Instructions for the task. Without reproducing any image, print the listing below exactly.

══ Information shown ══

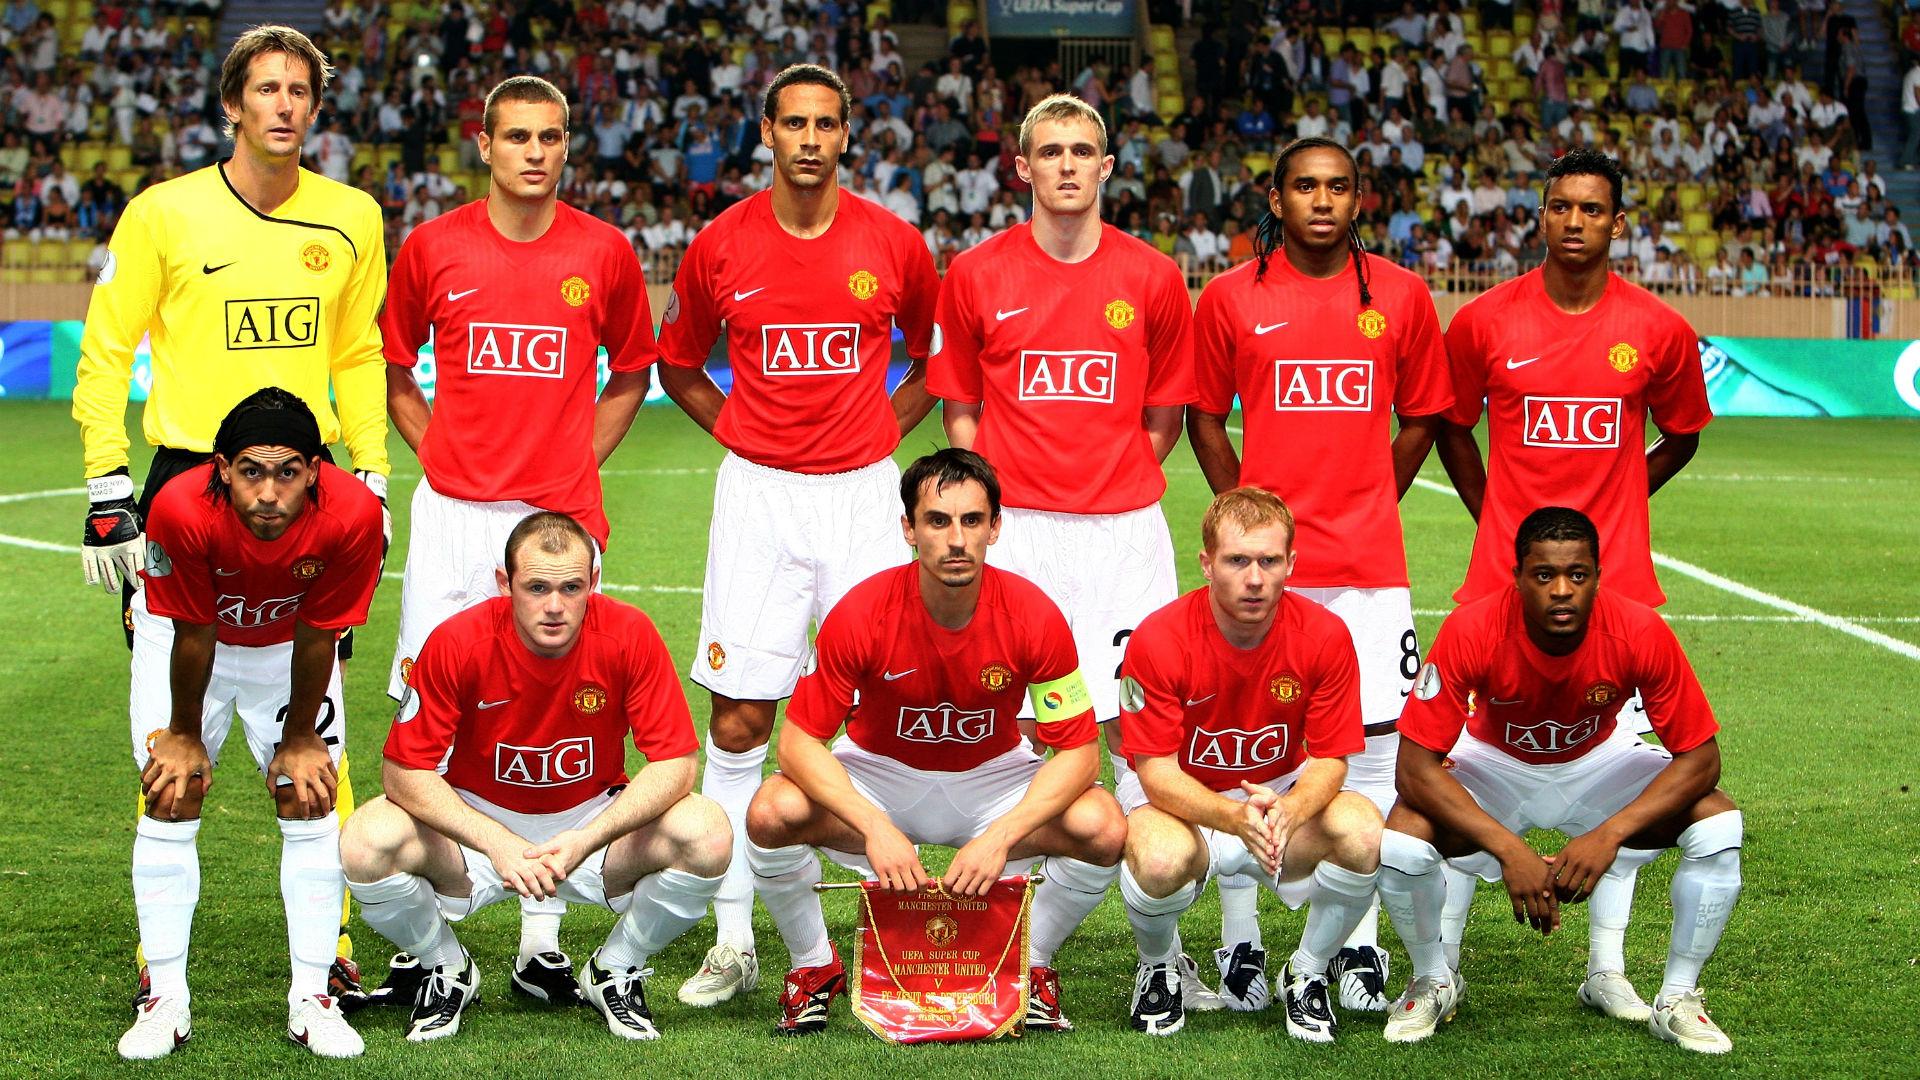 Histórico del Manchester United pone fin a su carrera | ECUAGOL
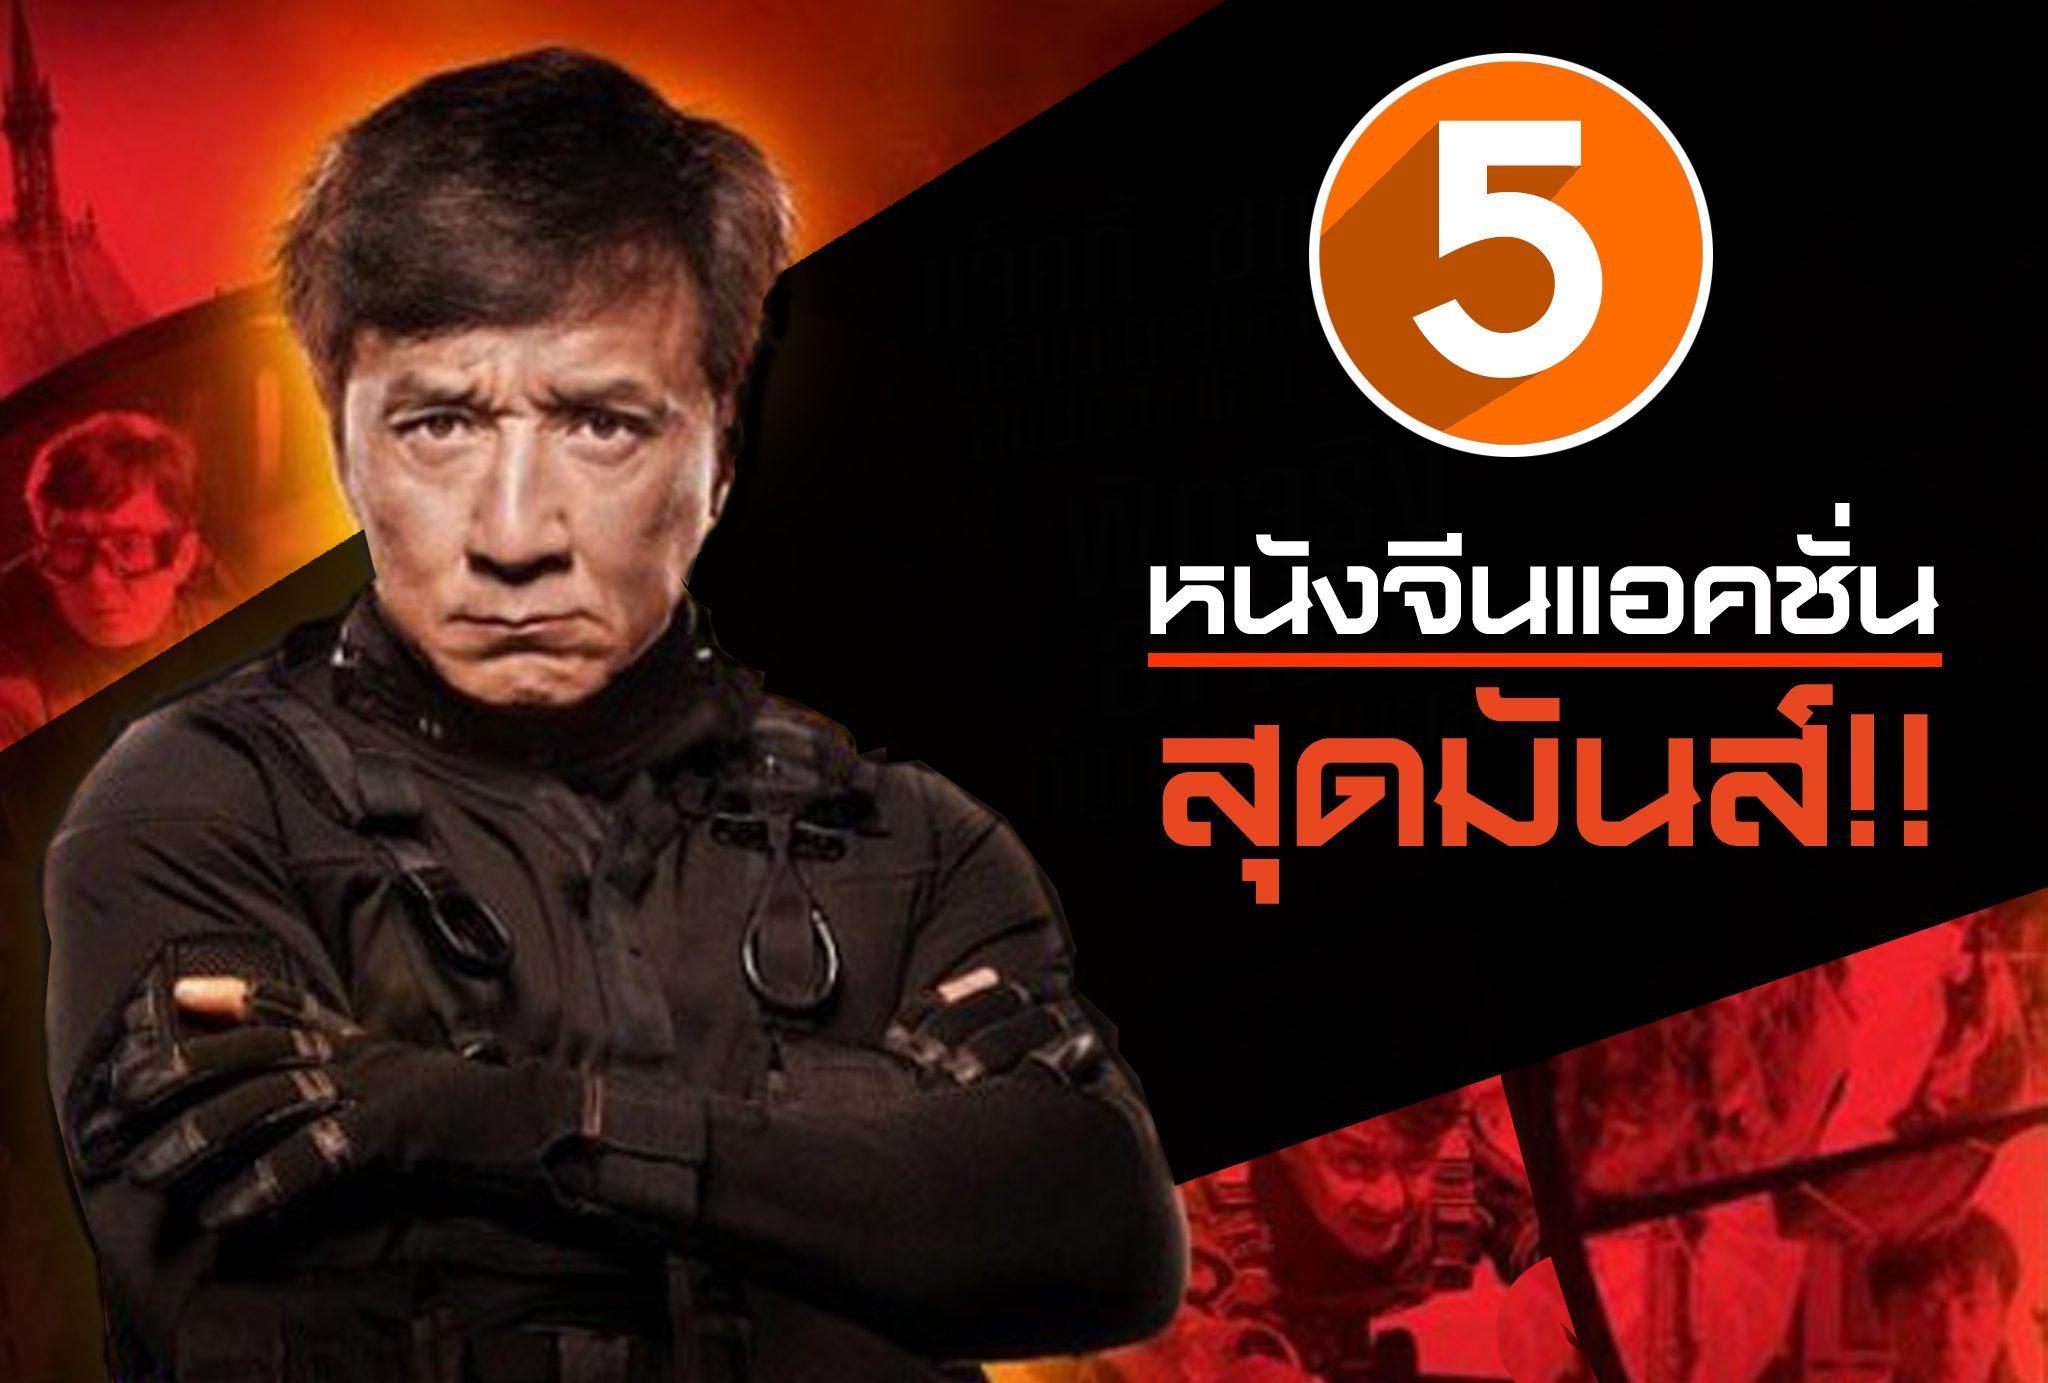 ดูหนัง ผีไทย ดูฟรี ๆ ดูได้สนุกบนเว็บยอดนิยมอันดับหนึ่ง
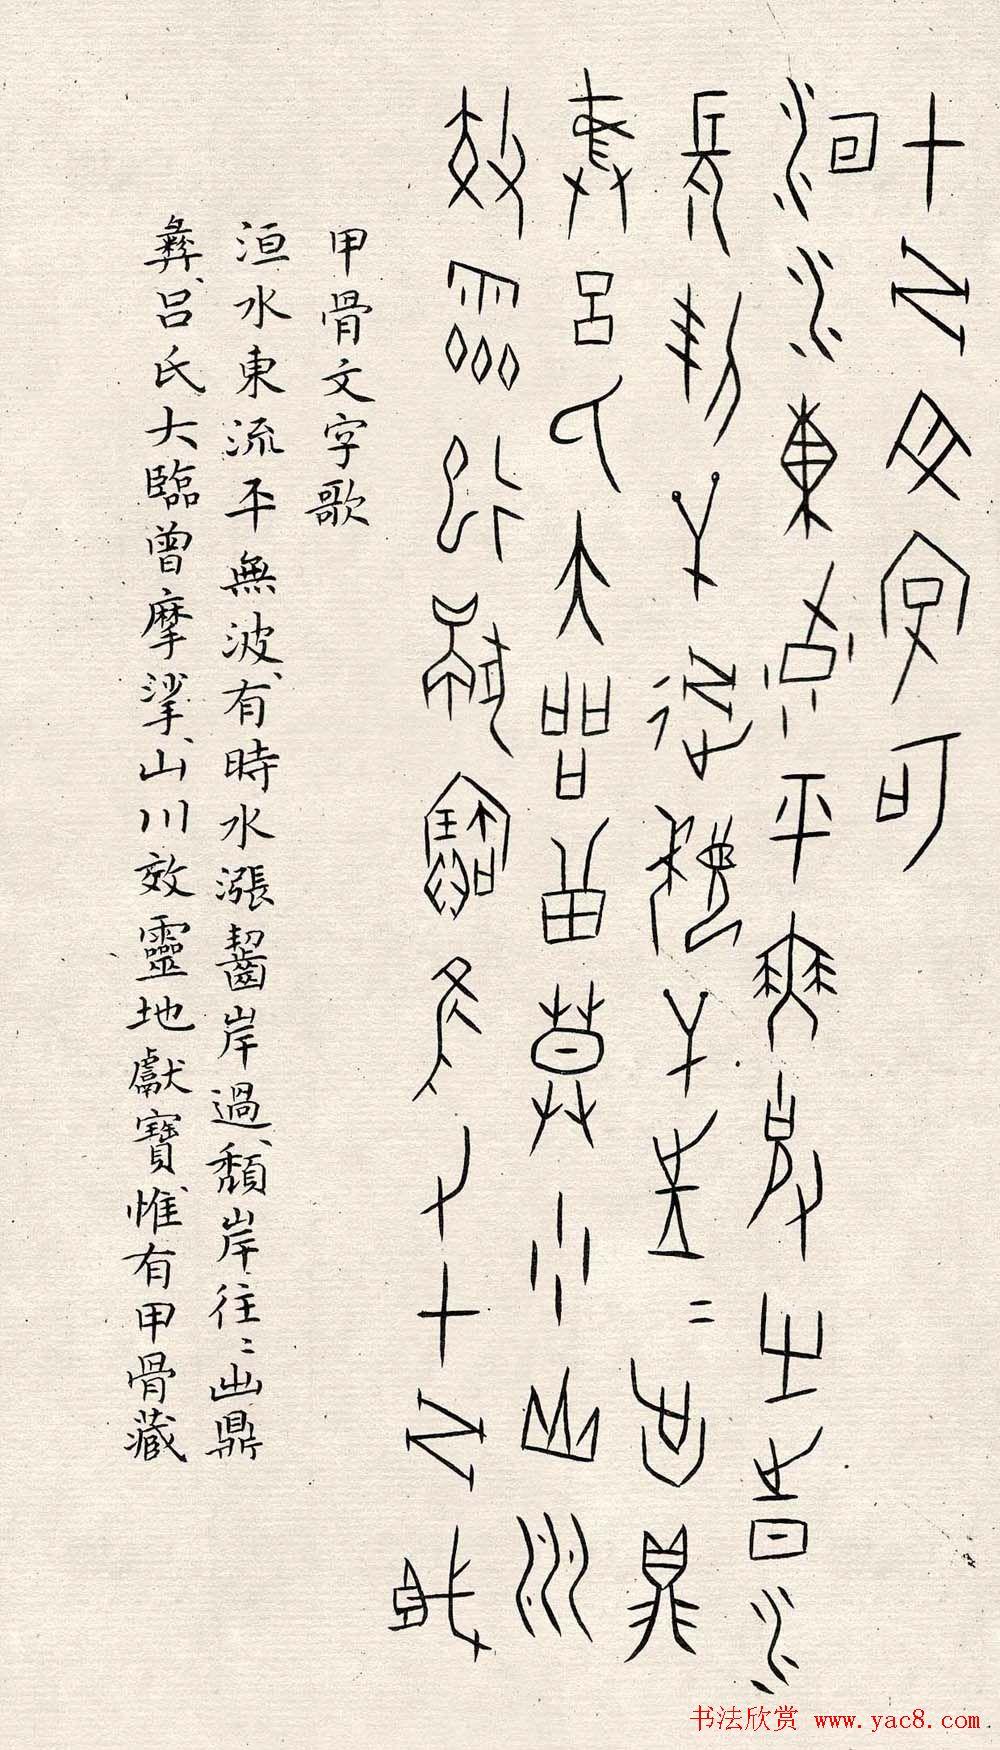 何崝书法字帖《甲骨文字歌》,上海书画出版社。本书用歌行体的形式介绍了甲骨学发展史,并用甲骨文书出,附有释文、注释。是一本甲骨学普及读物。何崝生于1947年,四川成都人。字士耕,号啃轩、锦里先生。 四川大学历史系副教授,中国文字学会会员,中国书法家协会会员,四川省书学学会副会长。
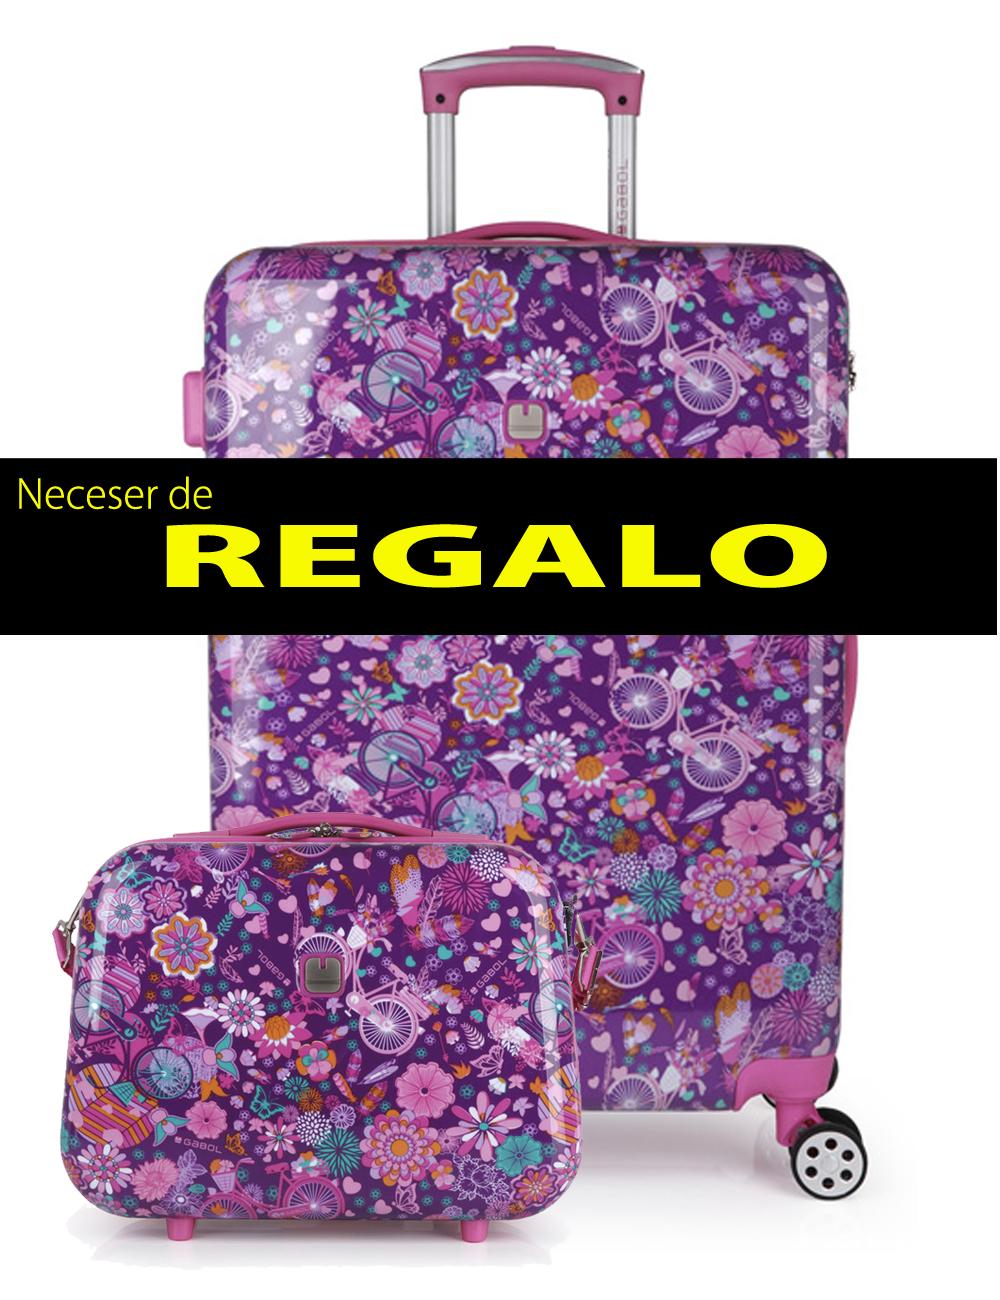 226946 N Maleta Mediana más Neceser de Regalo Gabol Abril

═══

Completed exercise.
 Histórico del Manchester United pone fin a su carrera | ECUAGOL
 ดูหนัง ผีไทย ดูฟรี ๆ ดูได้สนุกบนเว็บยอดนิยมอันดับหนึ่ง
 何崝书法字帖《甲骨文字歌》,上海书画出版社。本书用歌行体的形式介绍了甲骨学发展史,并用甲骨文书出,附有释文、注释。是一本甲骨学普及读物。何崝生于1947年,四川成都人。字士耕,号啃轩、锦里先生。 四川大学历史系副教授,中国文字学会会员,中国书法家协会会员,四川省书学学会副会长。
 226946 N Maleta Mediana más Neceser de Regalo Gabol Abril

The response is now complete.